Het gaat om de vraag of Alliander aan de in de beschikking opgenomen veroordeling van de kantonrechter heeft voldaan, namelijk of zij werknemer heeft toegelaten tot zijn werkzaamheden als Consultant E door hem op te roepen voor het verrichten van werkzaamheden als Consultant E op de afdeling HSEQ met de daarbij geformuleerde en opgelegde randvoorwaarden. Beoordeeld moet worden of Alliander hiermee overeenkomstig doel en strekking van de beschikking heeft gehandeld. Om te bepalen wat valt onder het begrip ‘zijn werkzaamheden als Consultant E’ als door de kantonrechter in zijn beschikking genoemd, moet worden gekeken naar de uitwerking zoals deze voor het verzoek tot ontbinding aan de arbeidsovereenkomst is gegeven. Werknemer heeft gedurende zijn arbeidsovereenkomst zijn werkzaamheden steeds uitgevoerd op de afdeling Engineering.
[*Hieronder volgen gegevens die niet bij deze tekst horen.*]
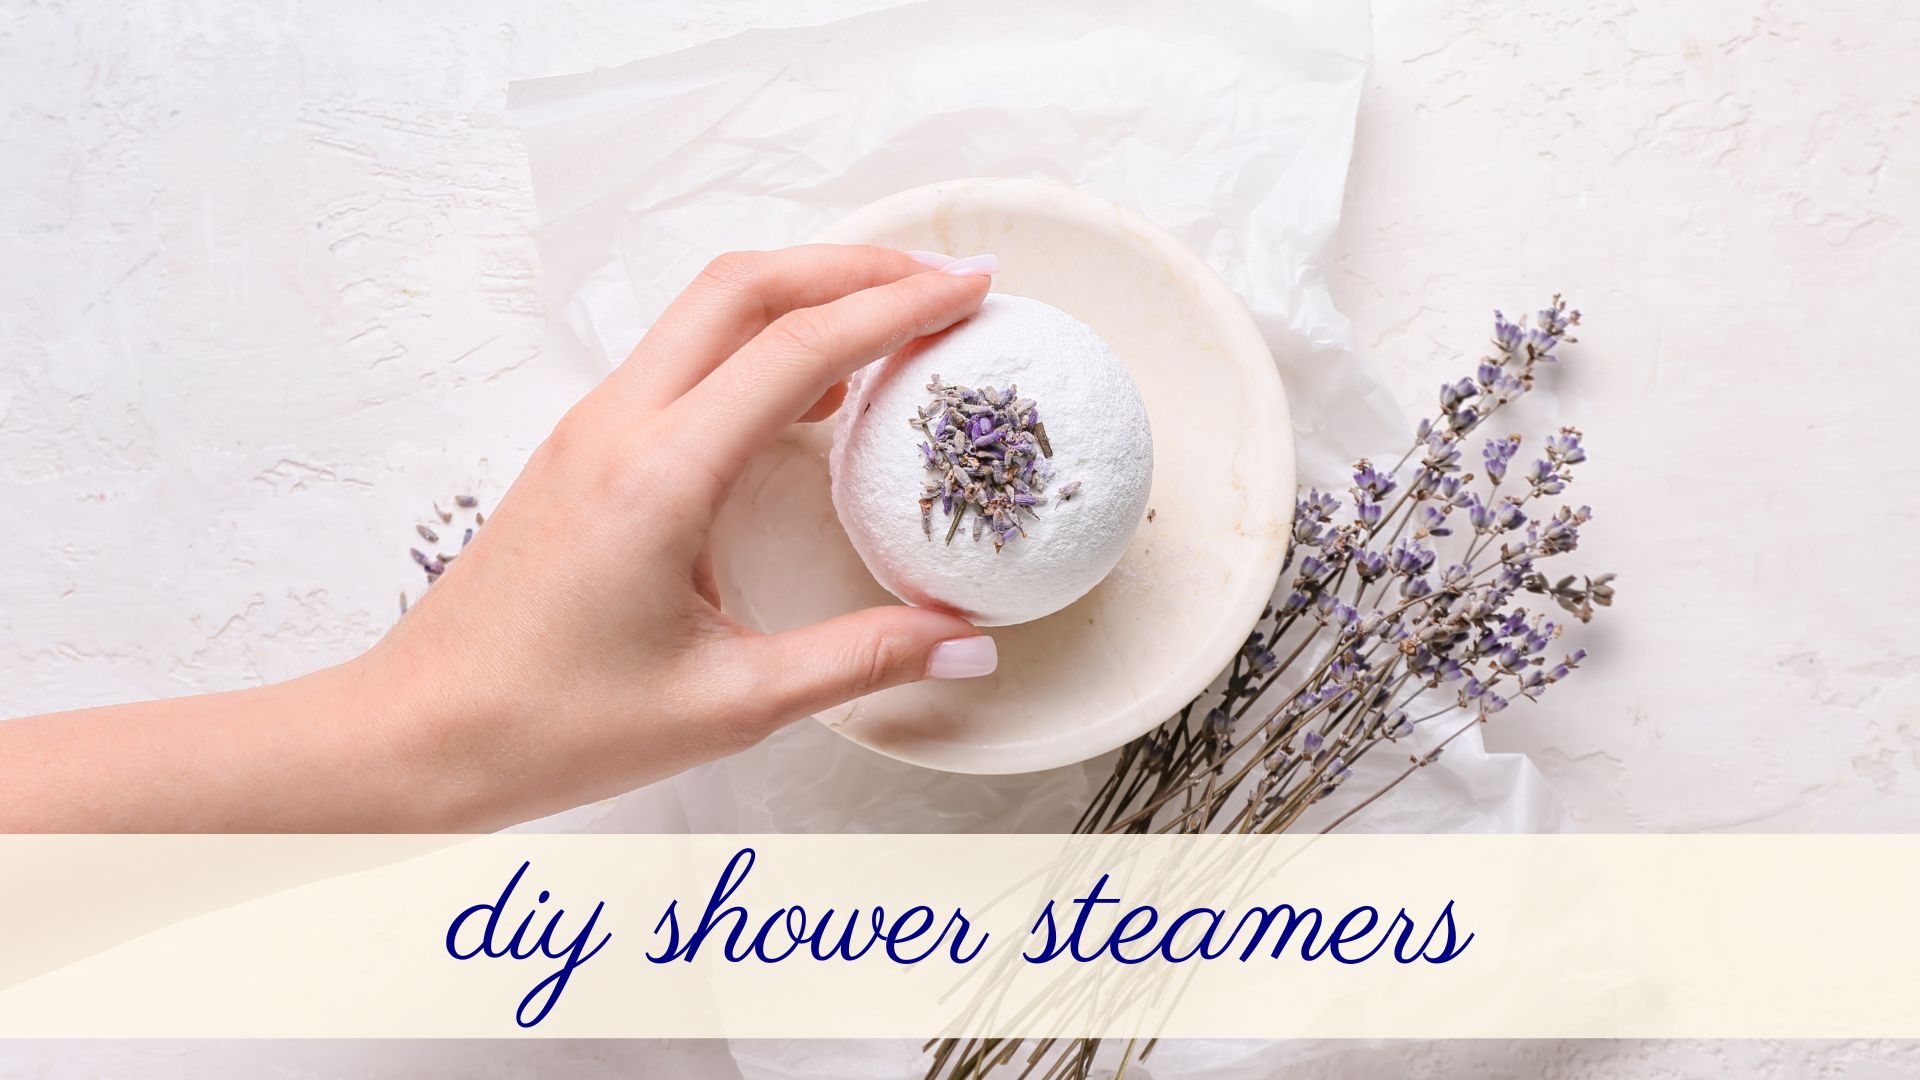 DIY Lavender Shower Steamer, Shower Steamers with Recipe, How To Make  Shower Fizzies
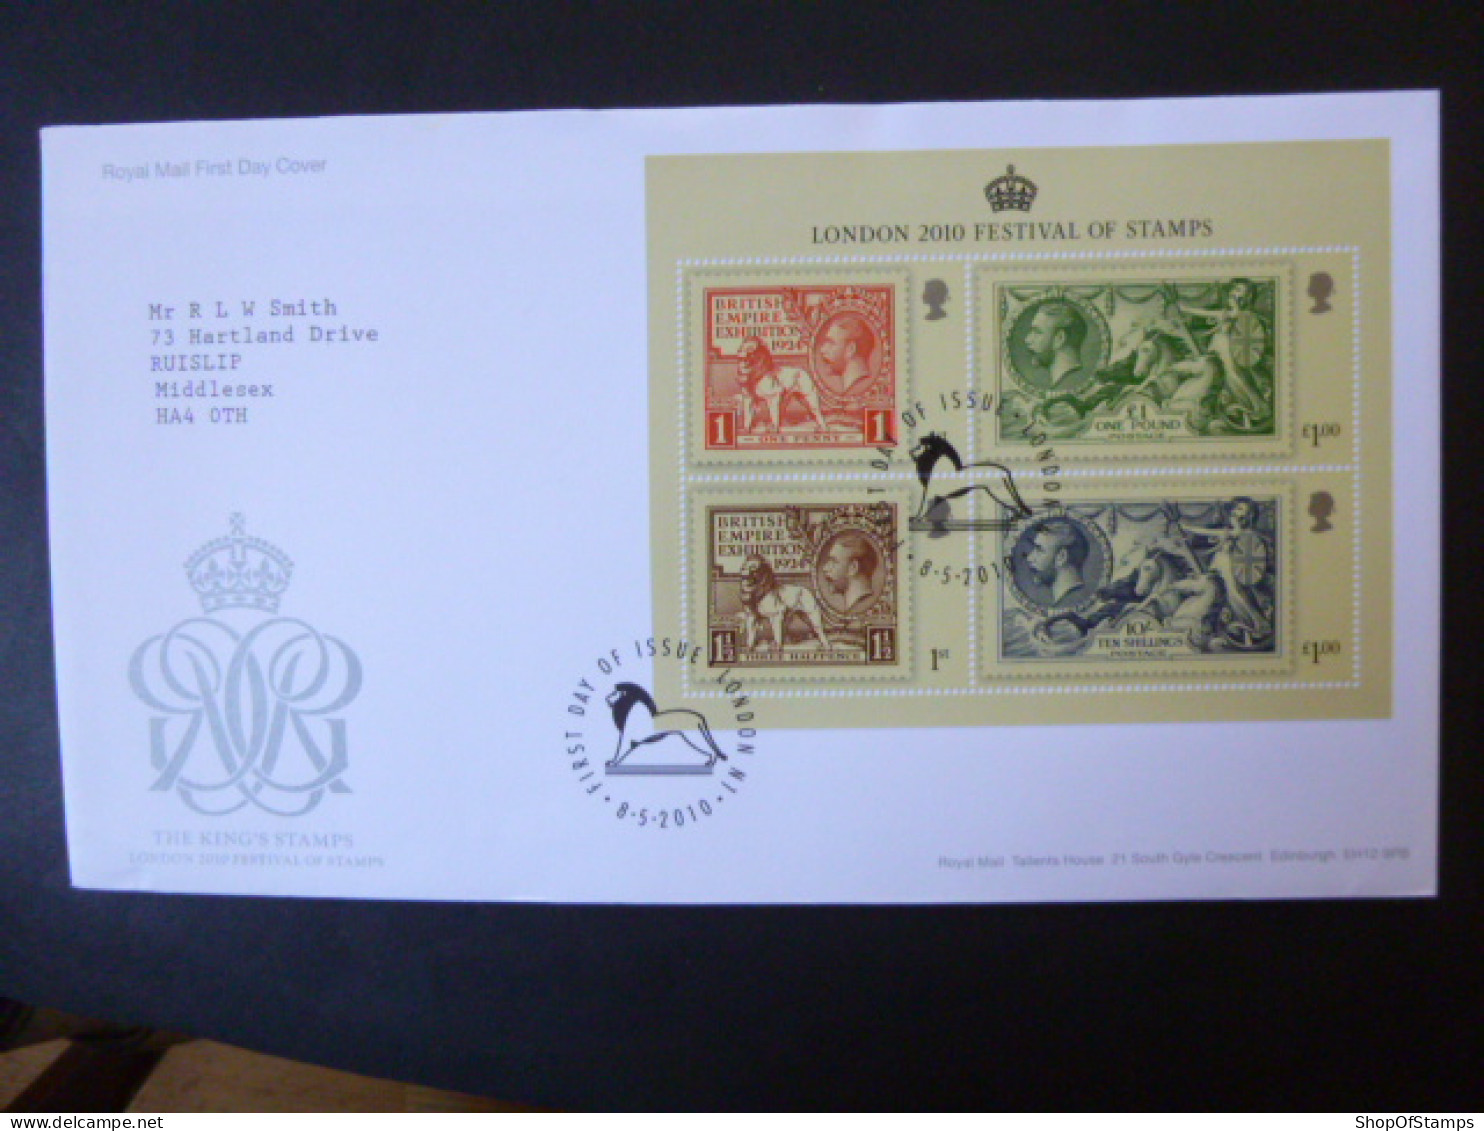 GREAT BRITAIN SG 3072MS LONDON 2010 FESTIVAL OF STAMPS MS FDC LONDON - Unclassified

De voorzieningenrechter is vooralsnog van oordeel dat de functie bij HSEQ met de daarbij geformuleerde randvoorwaarden niet voldoet aan de veroordeling zoals die door de kantonrechter is uitgesproken in het kader van de wedertewerkstelling. Het verweer van Alliander dat werknemer op de afdeling Engineering te maken krijgt met collega’s die bekend zijn met zijn voorgeschiedenis hetgeen tot problemen zou kunnen leiden, rechtvaardigt niet om werknemer bij HSEQ te plaatsen. Anders dan Alliander leest de rechter in de beschikking ook niet dat Alliander de opdracht had gekregen om rekening te houden met de persoonlijkheidsstructuur van werknemer, waarbij werknemer gebaat is bij duidelijke afspraken en een duidelijk kader. Alliander had met werknemer in gesprek moeten gaan over zijn functioneren en dan met hem een verbetertraject moeten starten. Het eenzijdig opleggen van randvoorwaarden, zoals nu door Alliander is gebeurd, rijmt niet met het ‘in gesprek gaan’ met werknemer en het starten van een verbetertraject voor de uitoefening van zijn functie. Alliander wordt veroordeeld om werknemer toe te laten tot zijn gebruikelijke werkzaamheden. Tevens worden de gevorderde dwangsom en een gedeelte van de gevorderde kosten voor rechtsbijstand toegewezen.